It’s painful to face and hard to admit: by the time I was a young adult, fear and shame had formed a dark and dank swamp in my heart. The swamp was fed by slowly-moving streams of culture, family, and folk-religion, streams which carried commands, words, stories, and examples which had been washed away from their healthier habitats, rotted in the warm water, and churned into a deadly stew.
The result was a bayou of confusion, a quagmire of contradictory messages: You’re not enough, and you’ll never do enough. Work hard to prove you deserve to occupy space on the earth. You’re too much; back-off and throttle-down. Succeed, but don’t get “too big for your britches.” Go far in life, but don’t get “above your raising.” Be strong, not weak; be independent, not needy; and be self-reliant, not vulnerable. In those moments when you feel like you can’t go on and can’t do anymore—when you feel like what life demands exceeds what life gives, hide what you feel. Remember that “when the going gets tough, the tough get going.”
Adding to the confusion were the oddly mixed signals of what it meant to be “a man” in the 1970s (I graduated from high school in 1975 and from college in 1978, the same year Anita and I married). Raised, as I was, in the south with deep Appalachian roots, and nurtured by pentecostal and baptist christians, my images of what it meant to be a “man” came from football and Sunday School, the Green Berets and missionaries, James Bond and Captain Kangaroo, the Allman Brothers and Royal Ambassadors (“baptist boy scouts”), Clint Eastwood in his spaghetti westerns and Jesus on his way to the cross.
The Atlanta of my boyhood swirled with stories about the ax-handle wielding segregationist governor Lester Maddox and civil rights leader Martin Luther King, Jr. Even as a child, it bewildered me that I knew more Christians who supported Maddox than King.
At church, I learned that Jesus loves all the little children of the world, but I went eagerly to “Funtown,” an amusement park that I hadn’t noticed didn’t admit black children and their parents. When I realized, as a teenager, what Funtown had been, I was ashamed of how much I had enjoyed a place some of my friends could never have gone.

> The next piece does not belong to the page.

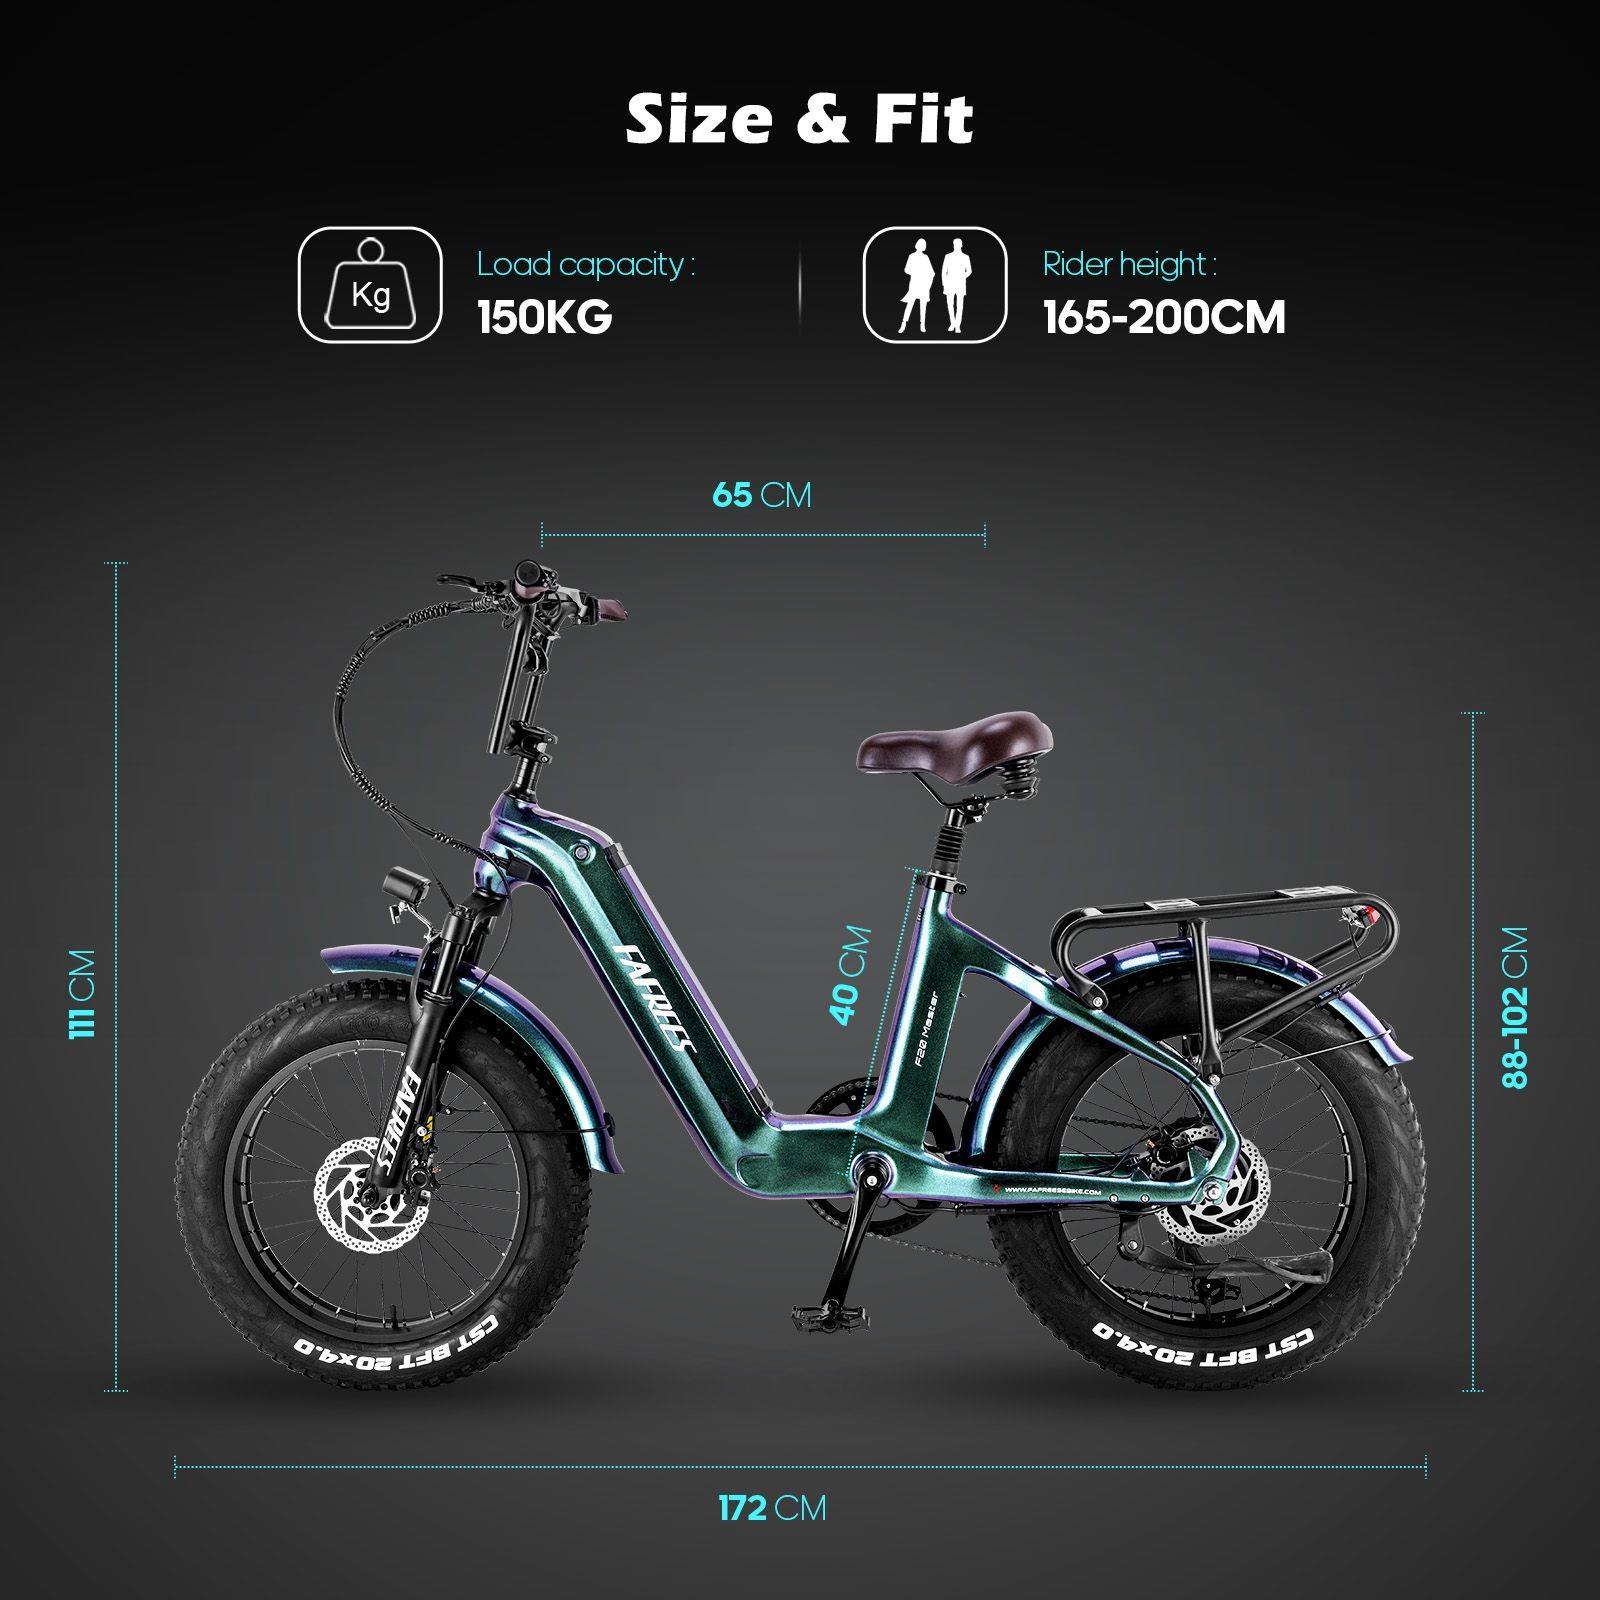 FAFREES F20 Master Elektrische fiets, Carbon Fiber, 500W Hub Motor, 48V 22.5Ah Samsung Batterij, 20 * 4.0 Inch Luchtband - Groen

Though no one said these things directly, here’s what I heard: Being a man means you defend “our way of life”; and, since you are a white male who is entering the middle class, it also means you enjoy the privileges of it. Never mind that “our way of life” includes racism, sexism, and violence; we paper-over those things with superficial good manners and occasional acts of charity. Maybe you can find a token friend of another race to make you feel like you’re not really—not you, not personally—a racist. And, maybe you can privately say you support the full equality of women, even in the church; it will make you feel better if you do. Keep in mind, though, the “church isn’t ready for that yet.”
What this notion of being a man meant for my faith was: Confess your sins and accept Jesus into your heart as personal Savior, because we all need forgiveness and we all fear death and don’t want to go to hell. Do your best to keep your heart clean and clear, be kind, help people but don’t ask for help, go to church, give your money, support missionaries who work with people most of us don’t understand, and witness to other people so that they can have their sins forgiven and not go to hell. Then hold on, and help others hold on, until we all get to heaven.
What it also meant, I came to realize, is that this way of being a man and of being a Christian obscured the fuller and deeper questions of what it means to be human (which, for me, has come to mean being shaped and reshaped by the spirit, words, and deeds of Jesus and by the give and take of life in community with others of his followers).
The swamp-ways had gotten it wrong: to be human is to acknowledge the truths that, ironically, the gospel songs of the church voiced but which “men” could only admit as they sang: “Precious Lord, take my hand, lead me on, let me stand. I am tired, I am weak, I am worn.” Jesus shows us how weakness is strength, vulnerability is the doorway for grace, wounds are openings to wonder, and tenderness is real power.
And, the way of Jesus will not leave any unjust status quo in place. His way is not about quiet adjustment to how things are in all their brokenness; it is about mercy which mends brokenness and about justice which brings an end to the breaking. Jesus embodies God’s determination to make all things new: to transform us into the people we are meant to be, the people we dream of being, and to foment a revolution of love which heals every torn thing and all wounded people, so that all live in peace and joy.
We hear a lot about “draining the swamp” these days. I can’t do much about the one in D.C. I’m grateful that grace is draining the one in my soul.